# Paired samples t-test

By Data Tricks, 28 July 2020

### What is a paired samples t-test?

A paired samples t-test is used to compare the means of two related groups of samples. The data should contain two values (a pair) for each case in the sample.

A paired samples t-test has a null hypothesis that the mean difference between the pairs of values is zero. The alternative hypothesis is that the mean difference is not equal to zero, which is called a two-tailed test.

We can also perform a one-tailed t-test if we have a prior belief that the mean difference is either larger or smaller than zero. In a one-tailed test, the null and alternative hypotheses can take two forms:

1: The null hypothesis is the mean difference is greater than or equal to zero; the alternative is that the mean difference is less than zero.

2 :The null hypothesis is the mean difference is less than or equal to zero; the alternative is that the mean difference is greater than zero.

These are called one-tailed tests.

### Example in R

Let’s say we have a some data on student performance before and after training:

set.seed(150)
randomsequence <- sample(c(-4:5), 100, replace = TRUE)
data <- data.frame(studentId = c(1:100),
before = rnorm(100, mean = 50, sd = 10))
data$after <- data$before + randomsequence

We want to test whether the training has had a statistically significant impact on performance. The null hypothesis is that the mean difference is zero, ie. the training has not helped. The alternative hypothesis is that the mean difference is not equal to zero.

To perform the paired samples t-test in R, use the following code:

test <- t.test(x = data$after, y = data$before, paired = TRUE, alternative = "two.sided")
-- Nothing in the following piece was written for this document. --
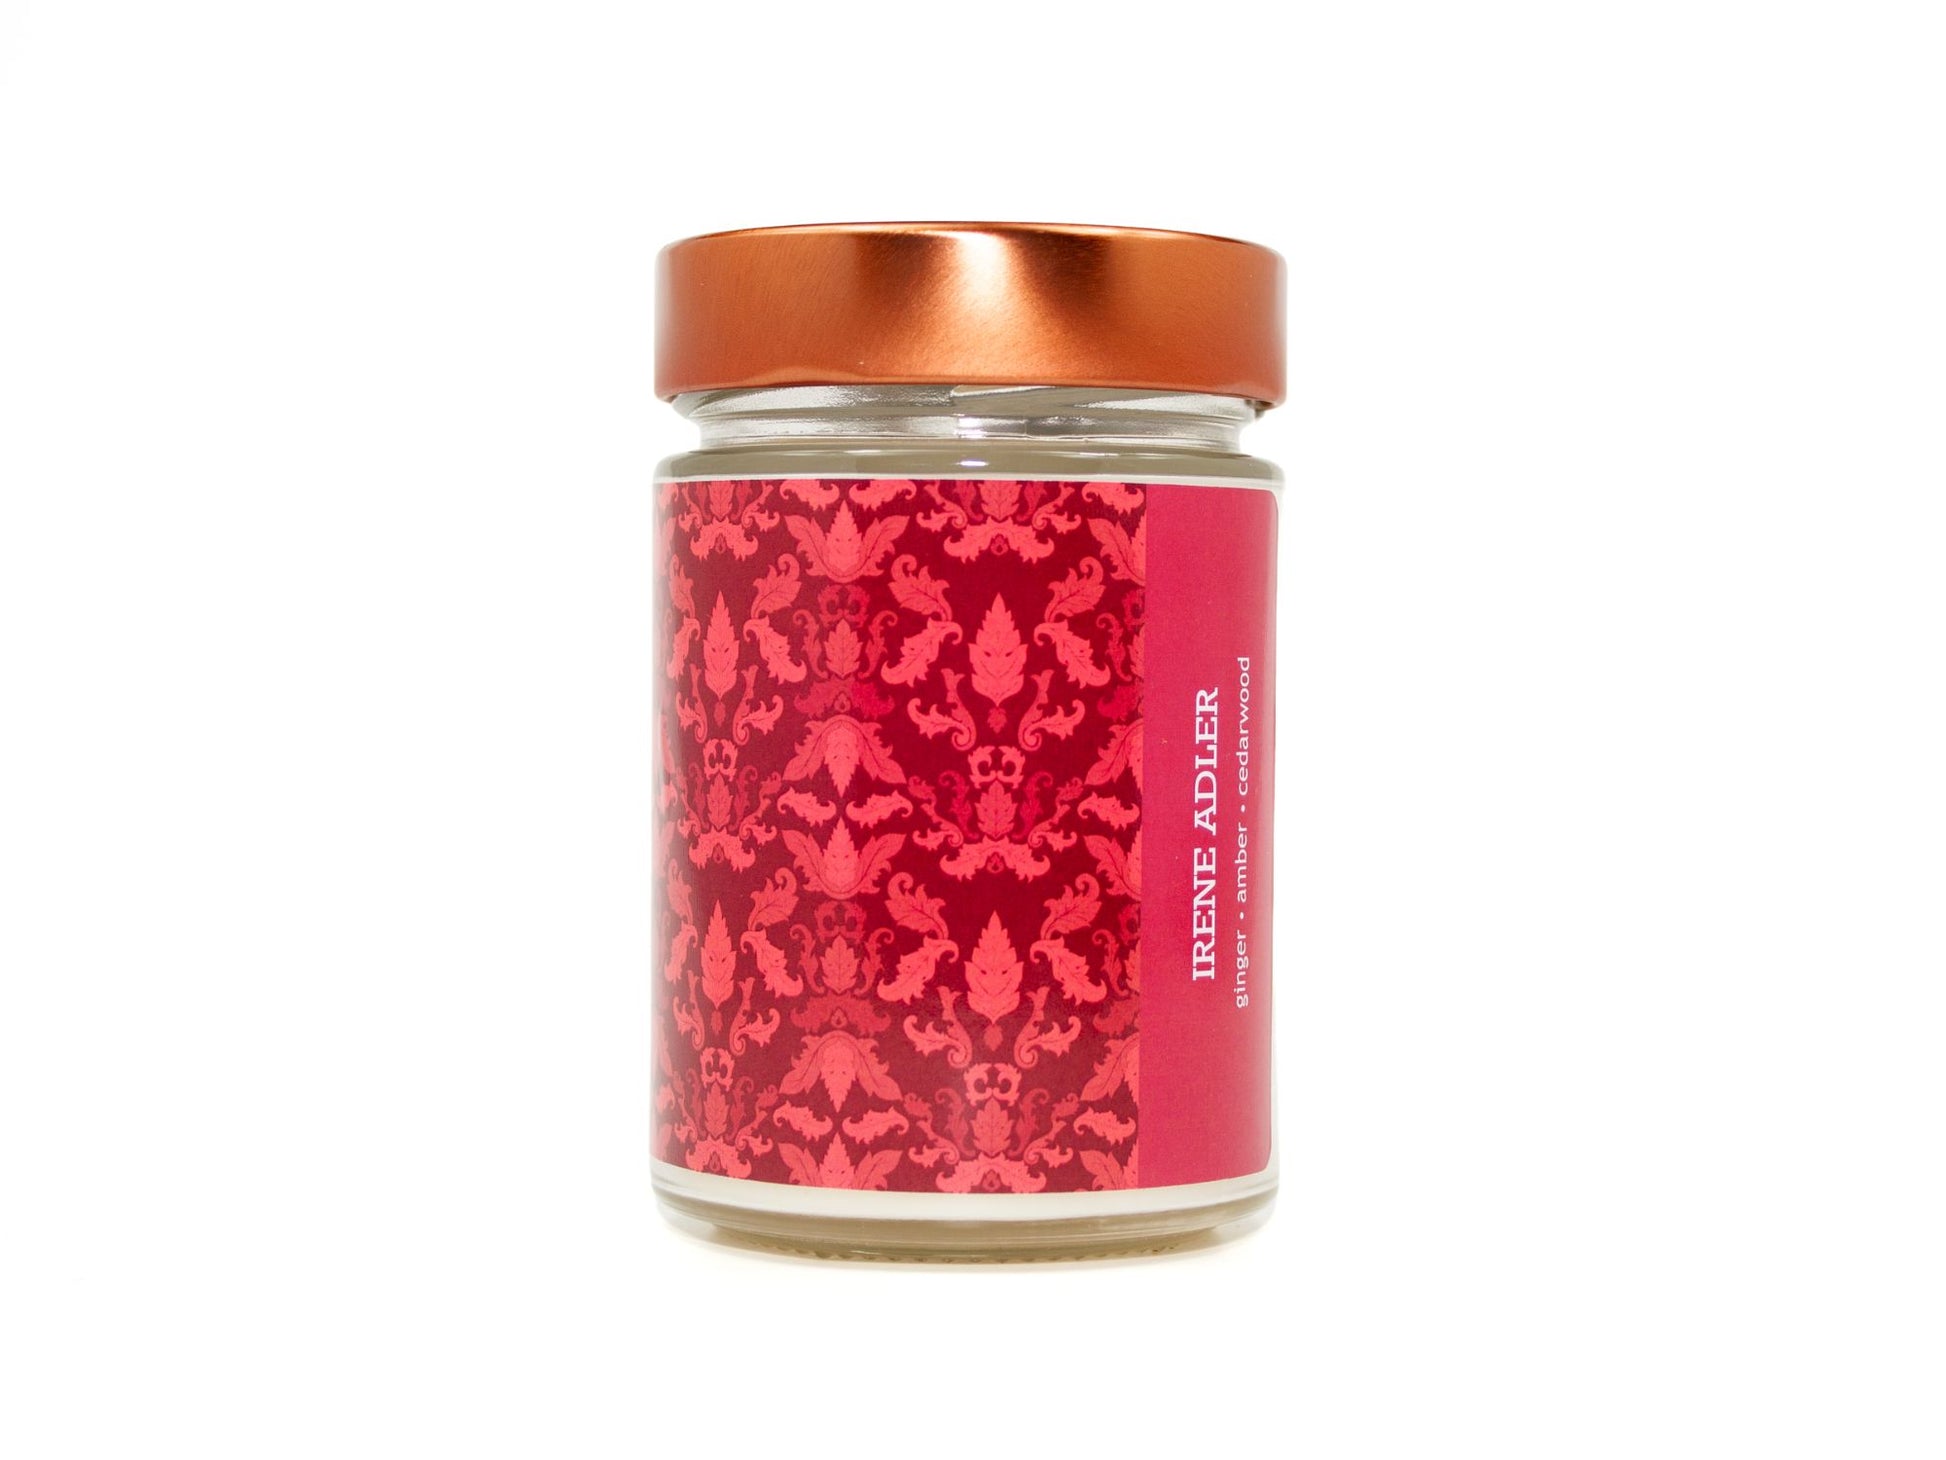 Onset & Rime ginger and amber scented candle called "Irene Adler" in a 10 oz glass jar with copper lid. The label is a deep red Victorian pattern. The text on the label is "Irene Adler - Ginger, Amber, Cedarwood".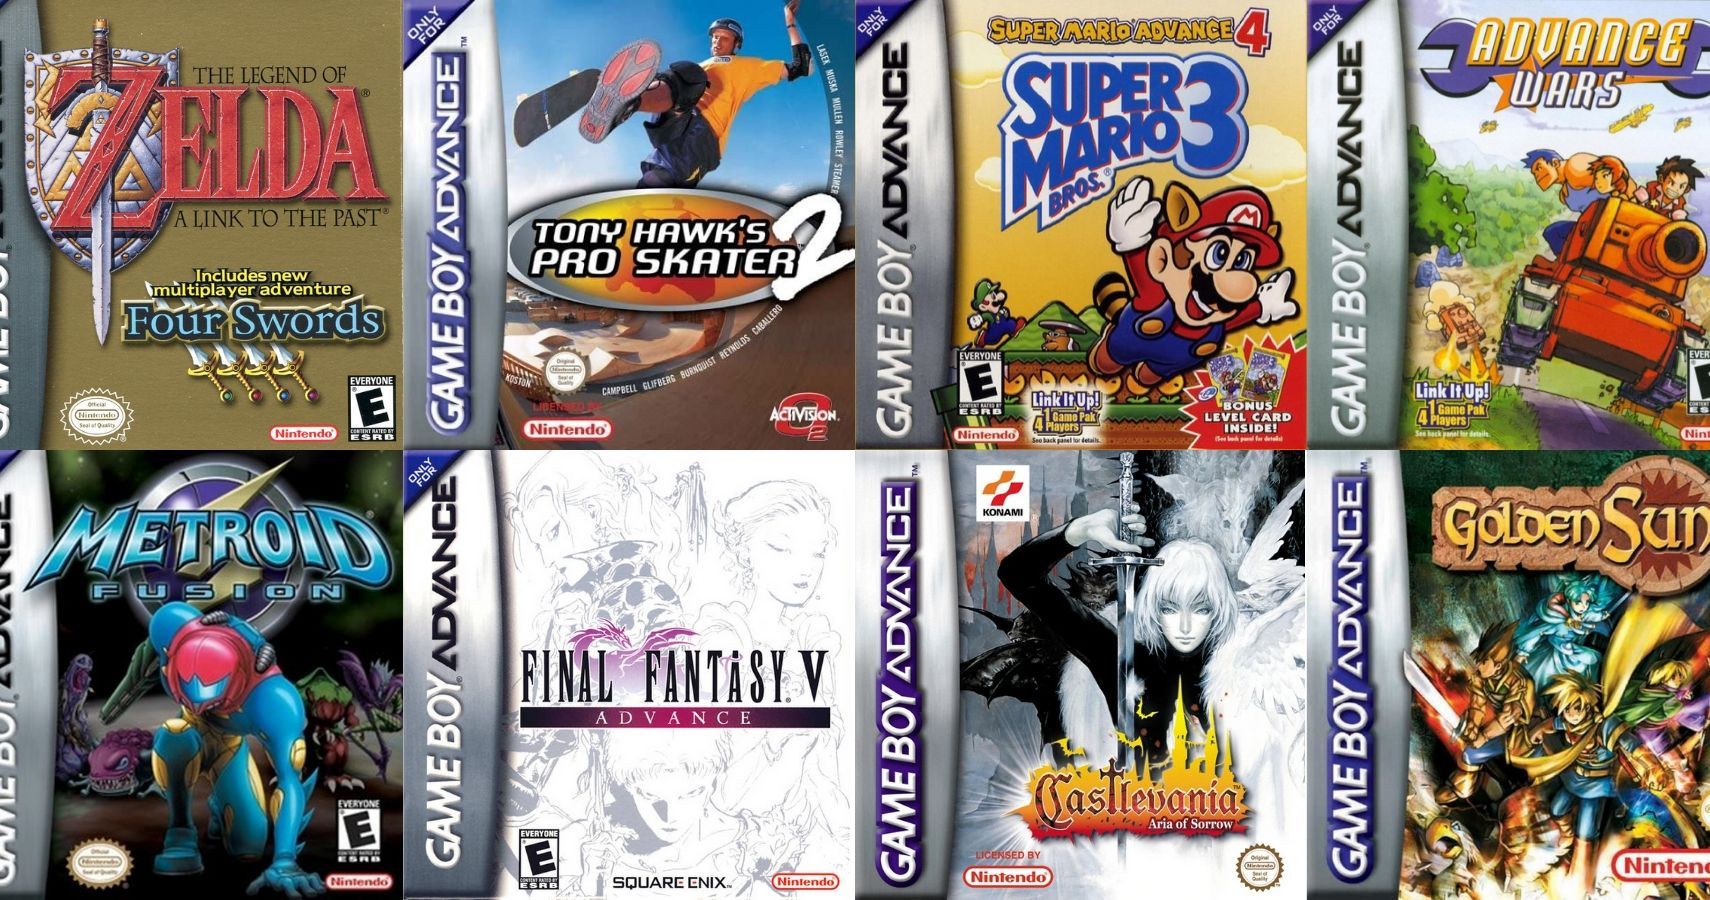 Skifte tøj 鍔 børste 10 of the Best Games for the Game Boy Advance Based on Metacritic Scores

Note: take care to get the x and y the right way around; data$after should be assigned to x. Now analyse the output of the test: > test Paired t-test data: data$before and data\$after
t = 3.5068, df = 99, p-value = 0.0006833
alternative hypothesis: true difference in means is not equal to 0
95 percent confidence interval:
0.4298462 1.5501538
sample estimates:
mean of the differences
0.99

#### p-value

The p-value is 0.00068 which is below the 5% significance level, therefore the null hypothesis can be rejected. This indicates that the alternative hypothesis is true – the training has had a statistically significant difference on performance. The mean of the difference is 0.99 which shows that the effect has been positive.

#### t-value

The t-value measures the size of the difference relative to the variation in the sample data. The greater the value of the t-value, the more likely it is that the null hypothesis should be rejected.

#### Degrees of freedom

In a t-test, one degree of freedom is “spent” estimating the mean, so the degrees of freedom will be the number of values in the sample minus 1, which in this example is 99.

#### 95% confidence interval

The 95% confidence interval for our test is 0.43 to 1.55. This means that at the 5% significance level, the mean difference falls somewhere between 0.43 and 1.55.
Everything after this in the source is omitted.